Cognitive Development 63 (July-Sept. 2022)
—This . . . review of studies using puppets with children to assess how children perceive and process puppets . . . offers some interesting insights about children but also it may be able to provide some background on child development that is often ignored when we look at adults’ phenomenological interaction with puppets.
—It's a good start on a fundamental aspect of the appeal of puppetry to children (especially younger ones).
—This article gives insight into reactions of young children to puppetry and can be a significant springboard to future research. It was useful to me as a practitioner often working with children to see a study on this topic.
“Puppets Facilitate Attention to Social Cues in Children with ASD”
—A really marvelous start to the long term research needed to try to quantify the puppetry and ASD connection.
—They involved experts in puppetry—something many studies do not. It also acknowledges the limitations and suggests further work. This type of work . . helps to balance our anecdotal experiences . .. Studies like this are an important part of the research ecosystem.

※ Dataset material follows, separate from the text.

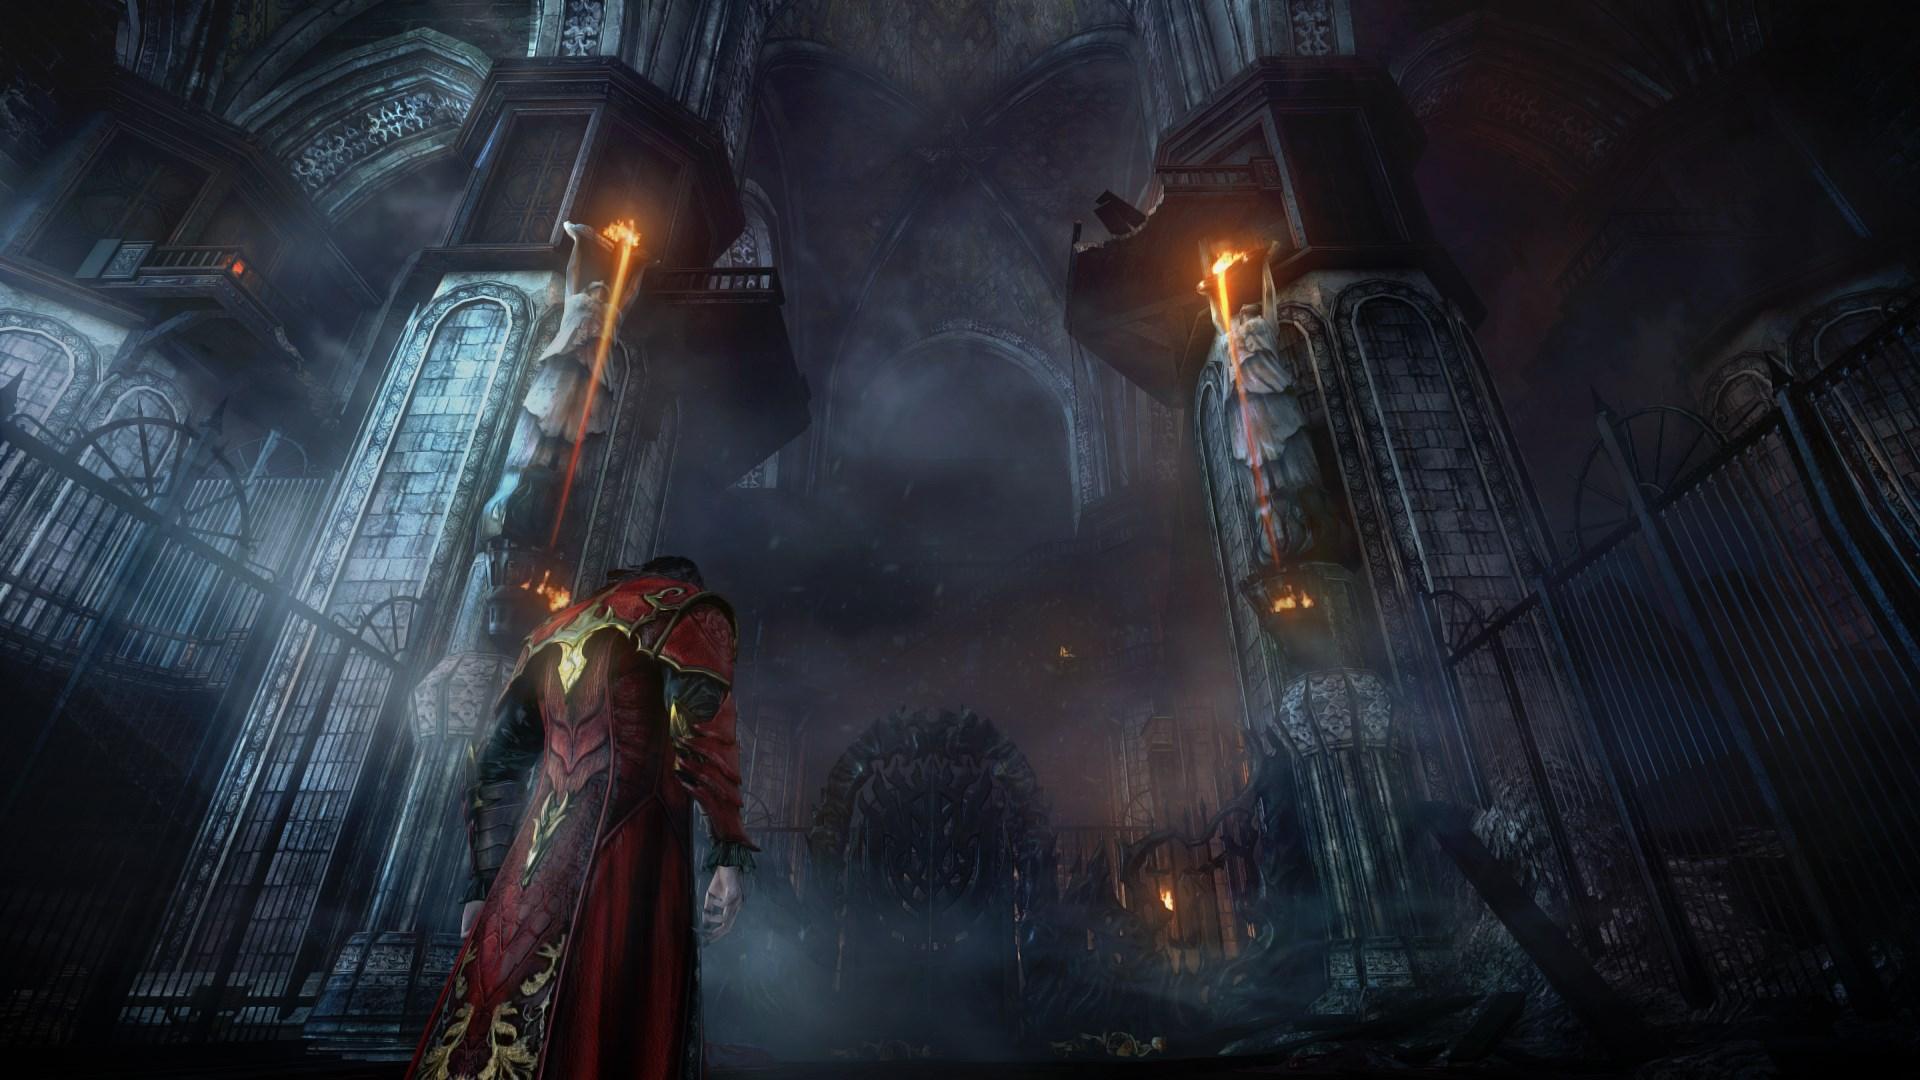 Screenshoty z Castlevania: Lords of Shadow 2 83327

—A model for future research in how puppetry can be used in therapy.
“Bodies Speaking: Embodiment, illness and the poetic materiality of puppetry/object practice”
—Tsaplina examines puppetry through the prism of western science, throwing light on how and why this performance art form has power to communicate and heal.

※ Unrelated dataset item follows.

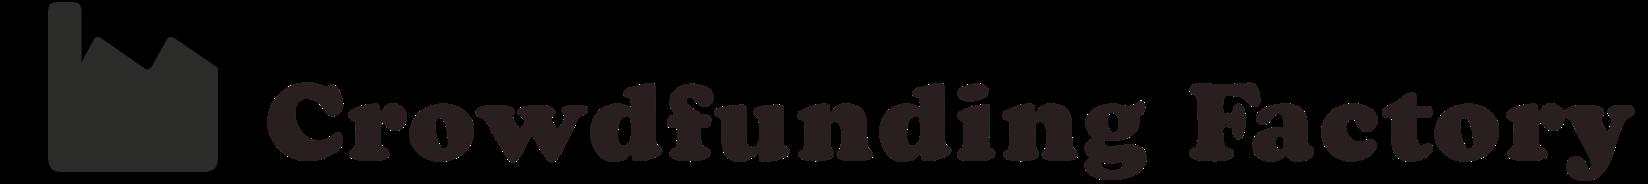 logo_crowdfunding_factory

—Tsaplina is doing significant work arguing for the importance of puppet praxis within medicine. Her writing articulates an understanding of puppetry’s ability to give people a powerful sense of their own embodiment drawn from her engagement as puppeteer with a chronic condition working with the Health Humanities Lab at Duke University.
—Tsaplina calls attention to the way medicine privileges certain kinds of knowledge over others. She contributes new framing like “affective bodies” to the conversation.
"Puppetry and the War in Ukraine”
—Ruble‘s writing reflects the rigor of his training, though it remains accessible . .. . The subject is compelling, covering the puppet theaters in Kyiv/Kharkiv, Lviv, and Odesa in the weeks after Russia invaded Ukraine. This is an inspiring account of the way these theaters put their facilities (and even their lives) in the service of their people and, later, resumed performances in whatever way they could to buoy the spirits of their embattled countrymen.
“Prop Culture: The Shakespearean Clown and His Marotte”
—This is a terrific article on the fool’s bauble or marotte, drawing on contemporary textual sources, visual sources, playscripts, and much other evidence to present a full picture of how the marotte functioned in both stage drama and other modes.
—Sheriko’s consideration of the clown’s bauble as puppet (specifically a marotte), is incredibly detailed and well researched.
—A deep dive into the culture of marottes, a little-studied form of European puppet. The author's scholarship is impressive as is her understanding of how puppets operate in practice.
“The Puppet and the Puppet-Master in Ancient Greece: Fragments of an Art Form”
—The author confidently categorizes the different kinds of puppetry, provides vital contextual information on puppetry in ancient Greek society, shows continuities and discontinuities with later forms of European puppetry.
—This presentation is scholarly, clear, and of great use to those researching the history of puppetry through its discussion in Greek classical sources.
—I've never seen this period/region covered so thoroughly and with such depth of sources.
"Special Feature: PIR Review: Four Black American Puppeteers”
—This group of four short biographies of American puppeteers of color appeared, each written by a different author: "Ralph Chessé" (by Kellie Comer)," Pura Teresa Belpré" (by Deniz Khateri), "Gary Jones" (by Hazel Rickard), and "Bruce Cannon" (by Chris Burgess) with editing by Kathy Foley, who wrote a general introduction. The four articles work both as a collection and as individual panegyrics, starting the long-needed historicizing of American puppetry’s deep and heretofore under-researched debt to important artists of color.